◆ **WHAT THIS TASK INVOLVES**
Your output should be the lines from the one containing "How to make" through the end of the listing, exact and inclusive, with no pictures.

*** Opening of DATA ***

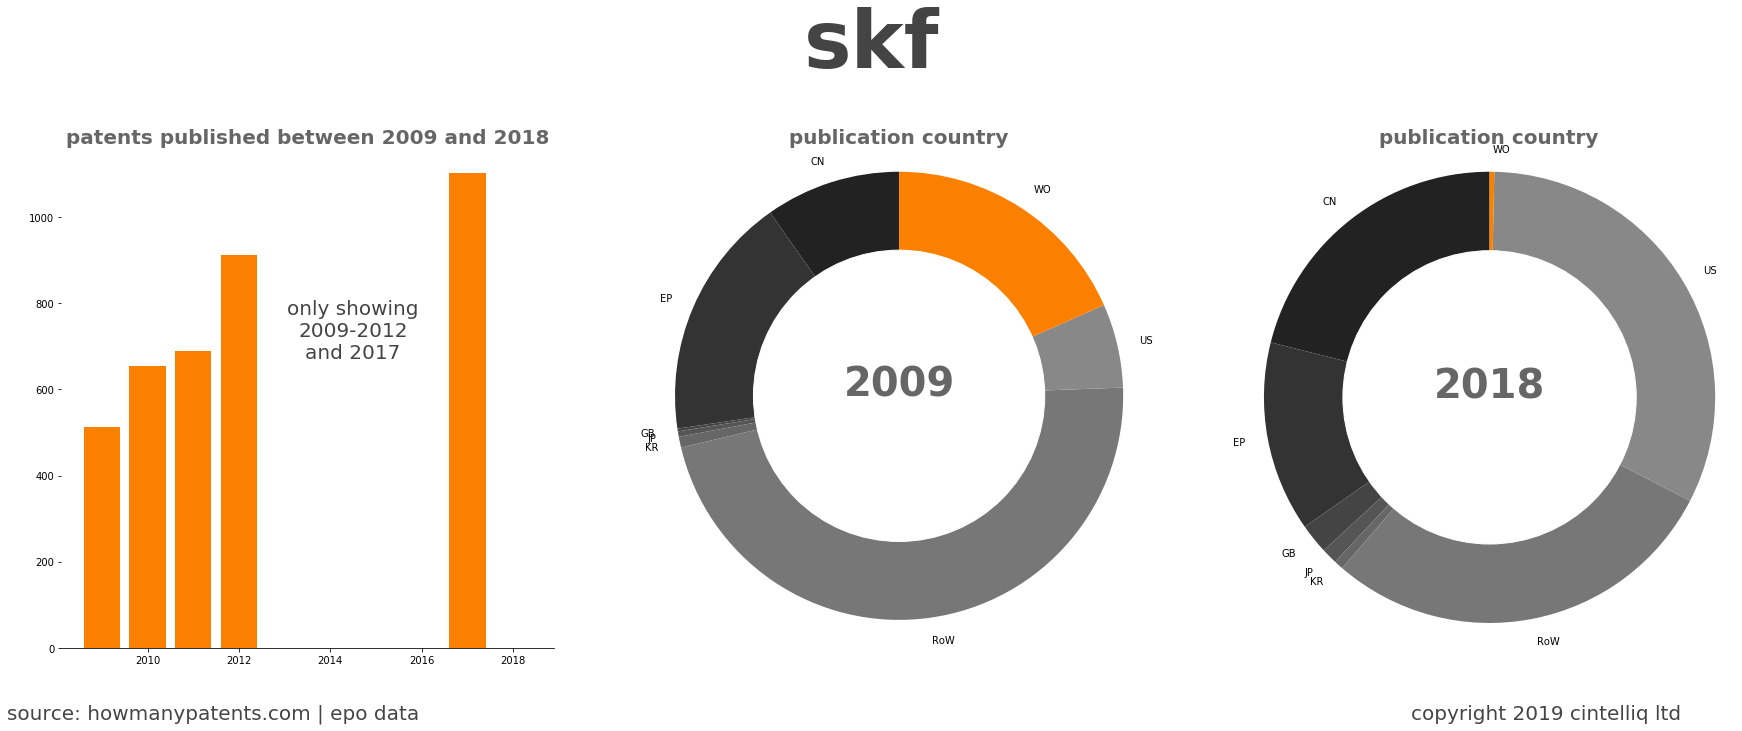 summary of patents for Skf
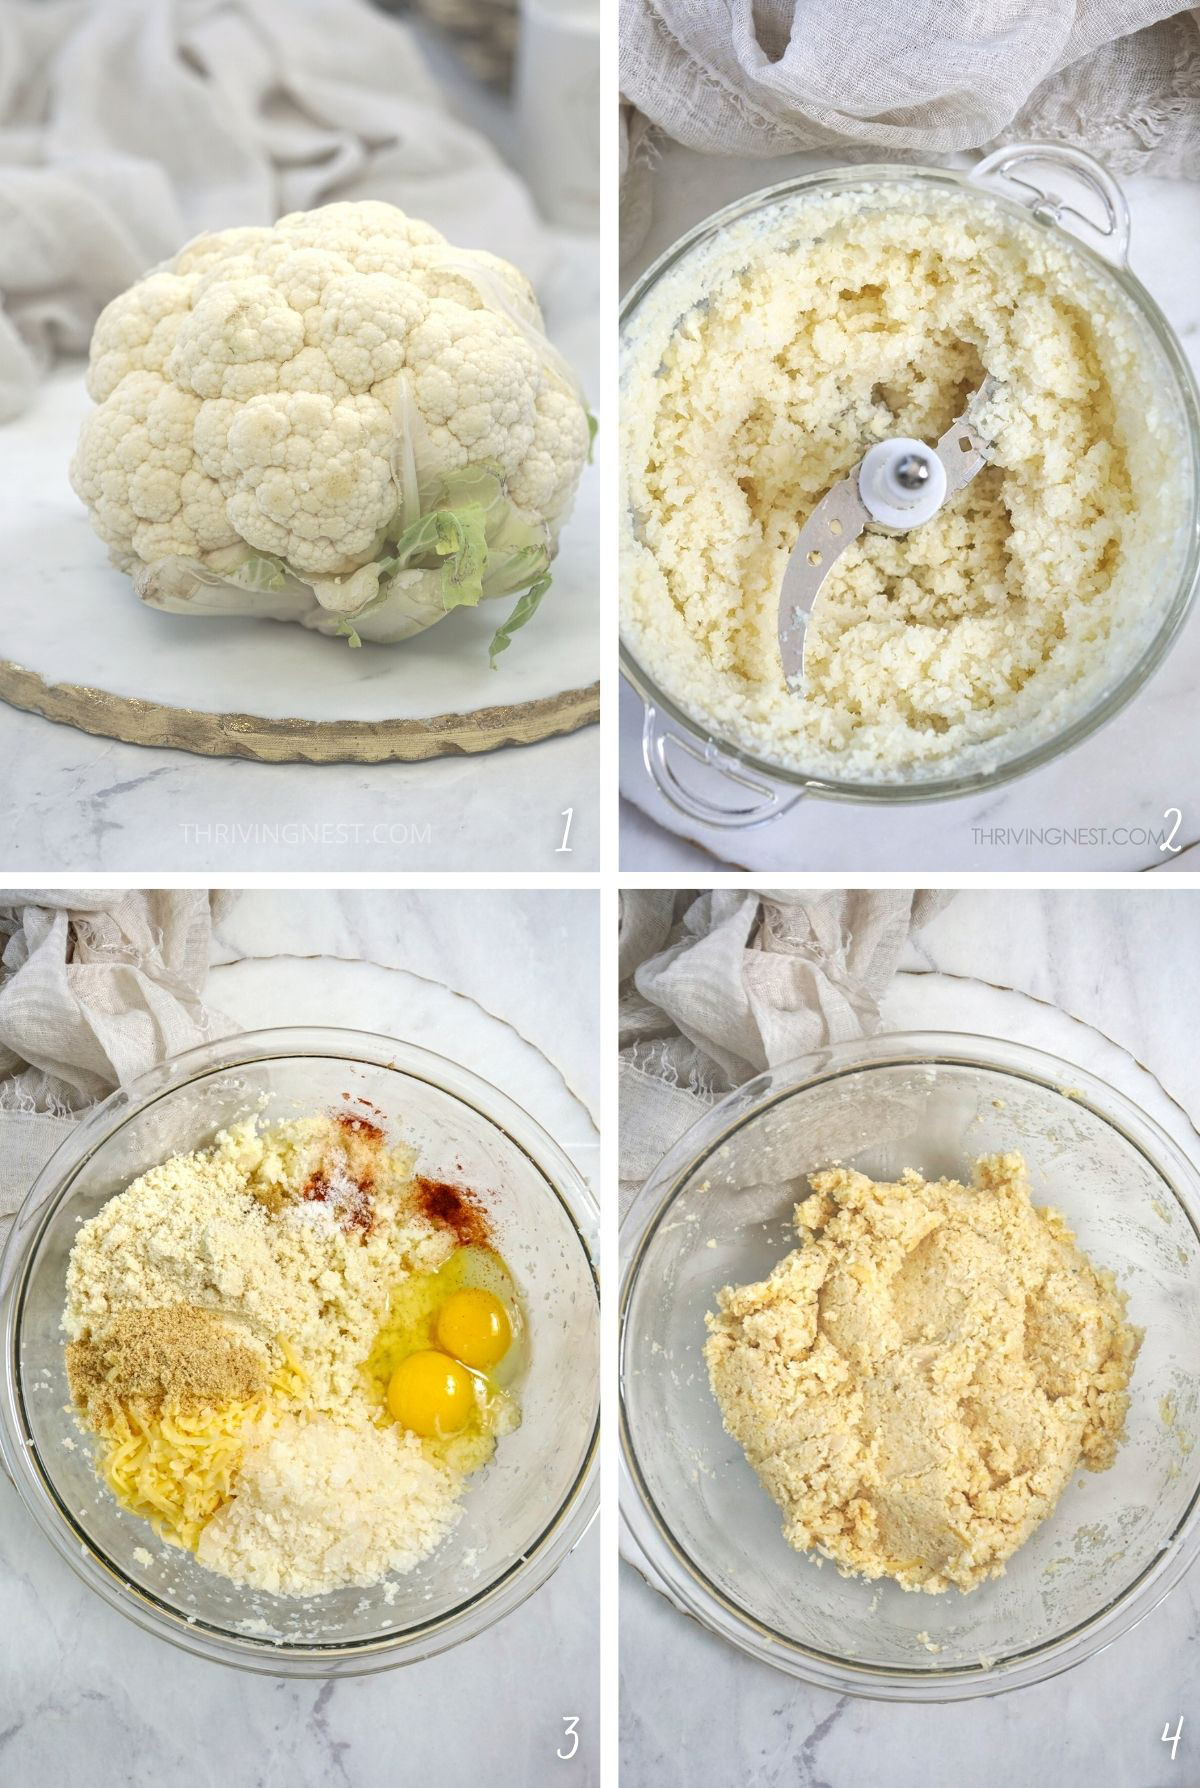 How to make cauliflower thins step by step process shots: make cauliflower rice first then mix the rest of ingredients.
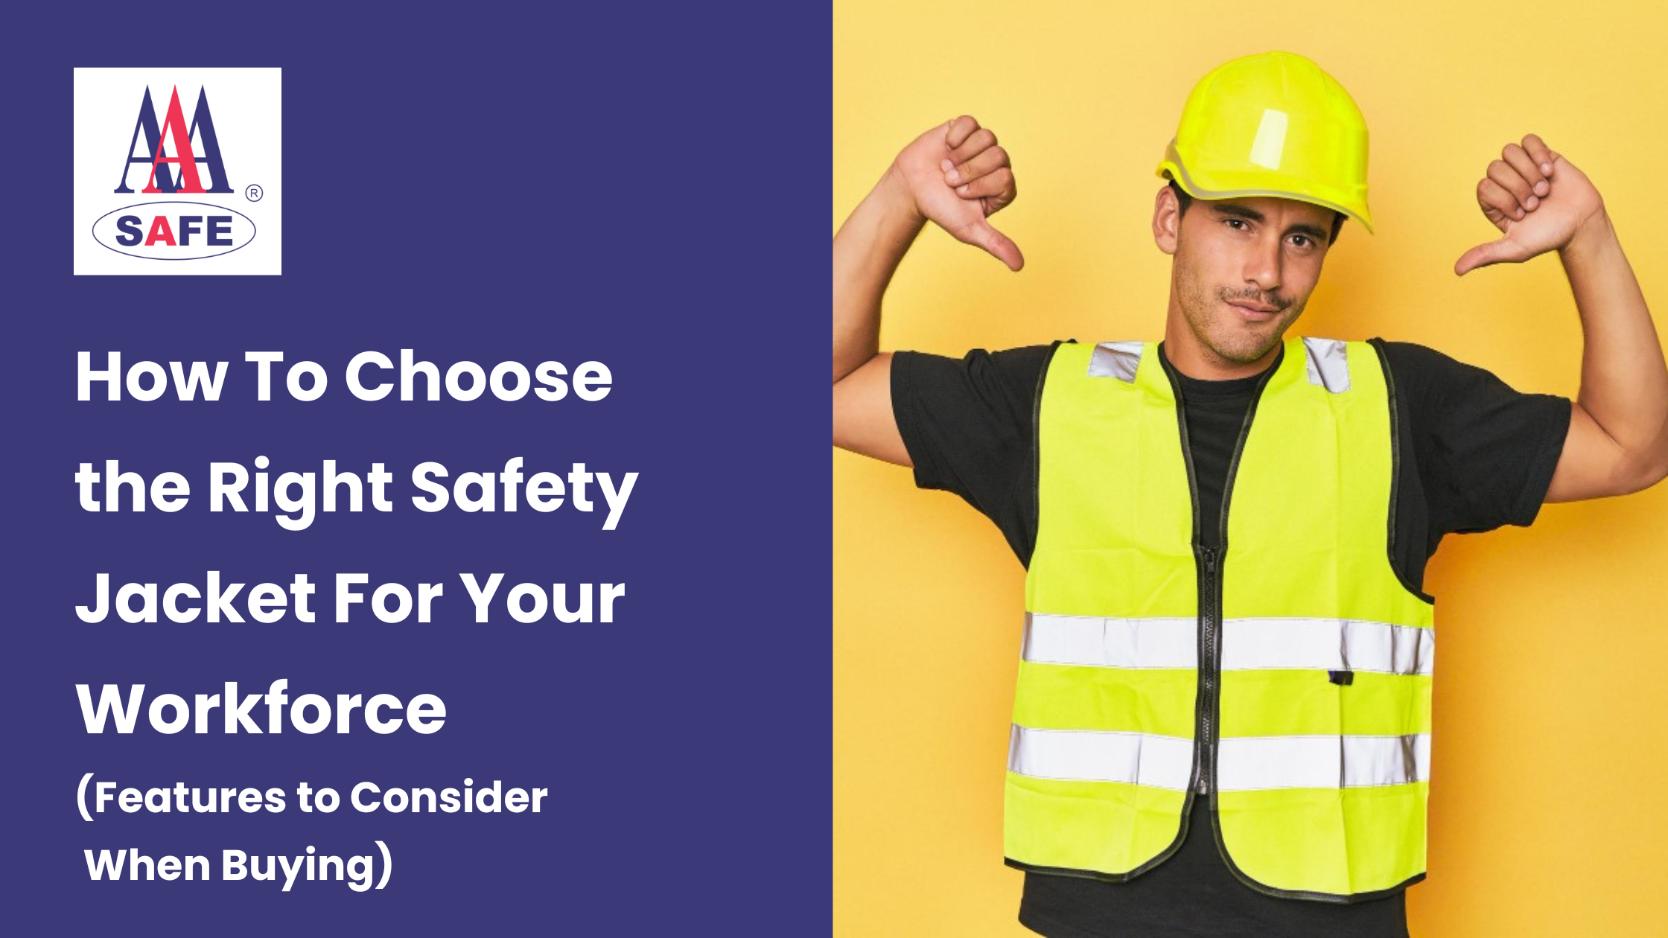 How To Choose the Right Safety Jacket For Your Workforce (Features to Consider When Buying)

*** Close of DATA ***

◆ **SOLUTION BELOW**
 How to make cauliflower thins step by step process shots: make cauliflower rice first then mix the rest of ingredients.
 How To Choose the Right Safety Jacket For Your Workforce (Features to Consider When Buying)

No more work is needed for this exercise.